Question

(a) Set up a divide-and-conquer recurrence relation for the number of multiplications required to compute${\mathit{x}}^{\mathbf{n}}$, where $\mathit{x}$is a real number and $\mathit{n}$is a positive integer, using the recursive algorithm from Exercise 26 in Section 5.4.

b) Use the recurrence relation you found in part (a) to construct a big- $\mathit{O}$estimate for the number of multiplications used to compute ${\mathit{x}}^{\mathbf{n}}$using the recursive algorithm.

Short answer

a) The number of multiplications required is$f\left(n\right)=f(n/2)+2$

b) The number of multiplication required using big-O is$O\left(\log n\right)$

Step-by-step solution

Recurrence Relation and Master Theorem definition

A recurrence relation is an equation that recursively defines a sequence where the next term is a function of the previous terms: $\mathbf{\text{f(n)=a f(n / b)+c}}$

In MASTER THEOREM, let $\mathit{f}$be an increasing function that satisfies the recurrence relation $\mathit{f}\mathbf{\left(}\mathit{n}\mathbf{\right)}\mathbf{=}\mathit{a}\mathit{f}\mathbf{(}\mathit{n}\mathbf{/}\mathit{b}\mathbf{)}\mathbf{+}\mathit{c}{\mathit{n}}^{\mathbf{d}}$whenever$\mathit{n}\mathbf{=}{\mathit{b}}^{\mathbf{k}}$, where $\mathit{k}$is a positive integer, $\mathit{a}\mathbf{\ge }\mathbf{1}\mathbf{,}\mathit{b}$is an integer greater than$\mathbf{1}$, and $\mathit{c}$and $\mathit{d}$are real numbers with $\mathit{c}$positive and $\mathit{d}$nonnegative.
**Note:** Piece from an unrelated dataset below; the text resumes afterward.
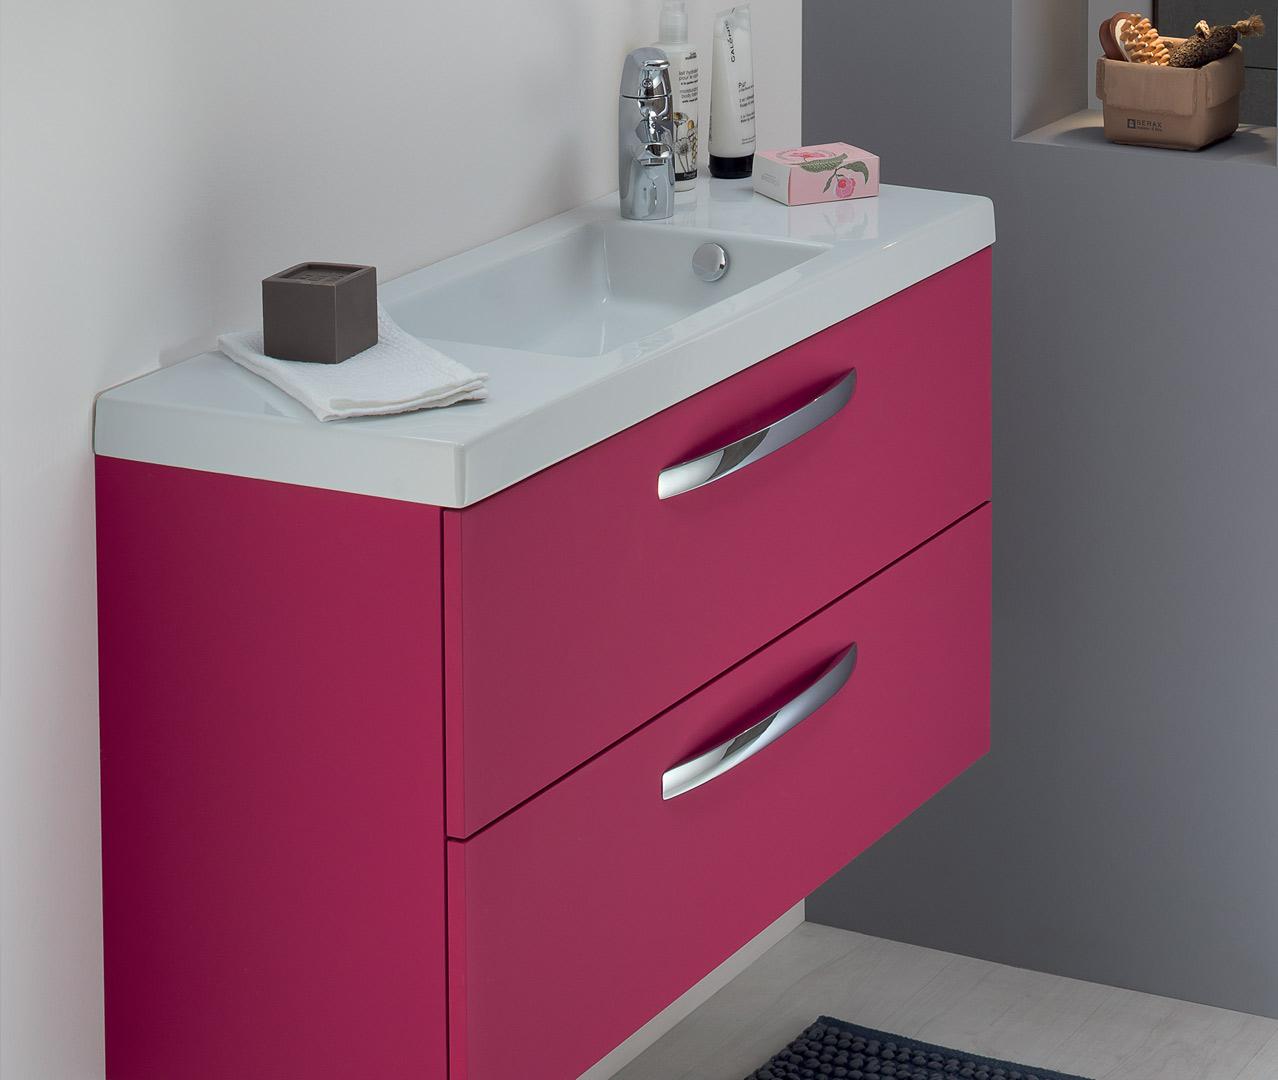 100 sanijura meuble salle bain fabrication gamme for Distributeur meuble

Then $\mathit{f}\mathbf{\left(}\mathit{n}\mathbf{\right)}$is$\mathit{O}\mathbf{\left(}{\mathbf{n}}^{\mathbf{d}}\mathbf{\right)}$if $\mathit{a}\mathbf{<}{\mathit{b}}^{\mathbf{d}}\mathit{O}\mathbf{\left(}{\mathbf{n}}^{\mathbf{d}}\mathbf{logn}\mathbf{\right)}$if $\mathit{a}\mathbf{=}{\mathit{b}}^{\mathbf{d}}$and$\mathit{O}\mathbf{\left(}{\mathbf{n}}^{{\mathbf{log}}_{\mathbf{b}}\mathbf{a}}\mathbf{\right)}$ if$\mathit{a}\mathbf{>}{\mathit{b}}^{\mathbf{d}}$.

Apply Recurrence Relation

a)

We register $x^n$when $\text{n}$is even by first processing $\text{y}=x^{n/2}$recursively and afterward doing one increase, specifically$yxy$. At the point when $\text{n}$is odd, initially $\text{y}=x^{(n-1)/2}$recursively and after that do two duplications, in particular$yxyxx$.

So if $f\left(n\right)$is the number of augmentations required, expecting the most noticeably awful, and then we have basically $f\left(n\right)=f(n/2)+2$

Apply Master Theorem      

b)

By the ace hypothesis, with$a=1,b=2,c=2$, and$d=0$, we see that $f\left(n\right)$is$O\left(n^0\log n\right)=O\left(\log n\right)$.